Condition for polynomials to be unfactorable

Perron's irreducibility criterion is a sufficient condition for a polynomial to be irreducible in [[polynomial ring|$\mathbb{Z}[x]$]]—that is, for it to be unfactorable into the product of lower-degree polynomials with integer coefficients.

This criterion is applicable only to monic polynomials. However, unlike other commonly used criteria, Perron's criterion does not require any knowledge of prime decomposition of the polynomial's coefficients.

==Criterion==
Suppose we have the following polynomial with integer coefficients
 $f(x)=x^n+a_{n-1}x^{n-1}+\cdots+a_1x+a_0,$
where $a_0\neq 0$. If either of the following two conditions applies:
- $|a_{n-1}|> 1+|a_{n-2}|+\cdots+|a_0|$
- $|a_{n-1}|= 1+|a_{n-2}|+\cdots+|a_0|, \quad f(\pm 1) \neq 0$
then $f$ is irreducible over the integers (and by Gauss's lemma also over the rational numbers).

==History==
The criterion was first published by Oskar Perron in 1907 in Journal für die reine und angewandte Mathematik.

==Proof==
A short proof can be given based on the following lemma due to Panaitopol:

Lemma.

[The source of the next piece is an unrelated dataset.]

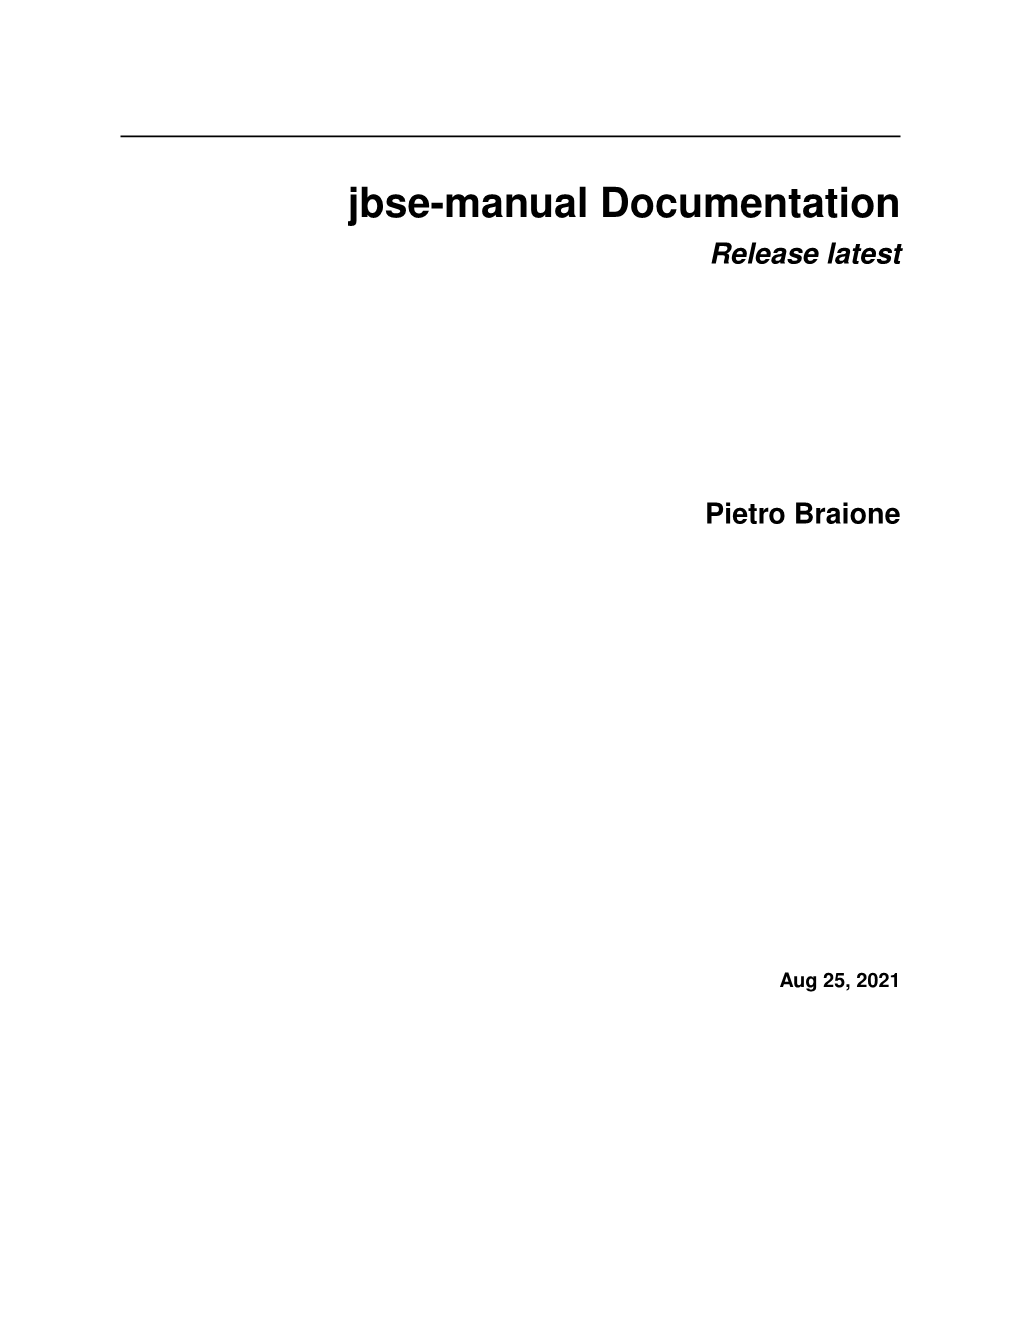 Jbse-Manual Documentation Release Latest

Let $f(x)=x^n+a_{n-1}x^{n-1}+\cdots+a_1x+a_0$ be a polynomial with $|a_{n-1}|>1+|a_{n-2}|+\cdots+|a_{1}|+|a_0|$. Then exactly one zero $z$ of $f$ satisfies $|z|>1$, and the other $n-1$ zeroes of $f$ satisfy $|z|<1$.

Suppose that $f(x)=g(x)h(x)$ where $g$ and $h$ are integer polynomials. Since, by the above lemma, $f$ has only one zero with modulus not less than $1$, one of the polynomials $g, h$ has all its zeroes strictly inside the unit circle. Suppose that $z_1,\dots,z_k$ are the zeroes of $g$, and $|z_1|,\dots,|z_k|<1$. Note that $g(0)$ is a nonzero integer, and $|g(0)|=|z_1\cdots z_k|<1$, contradiction. Therefore, $f$ is irreducible.

==Generalizations==
In his publication Perron provided variants of the criterion for multivariate polynomials over arbitrary fields. In 2010, Bonciocat published novel proofs of these criteria.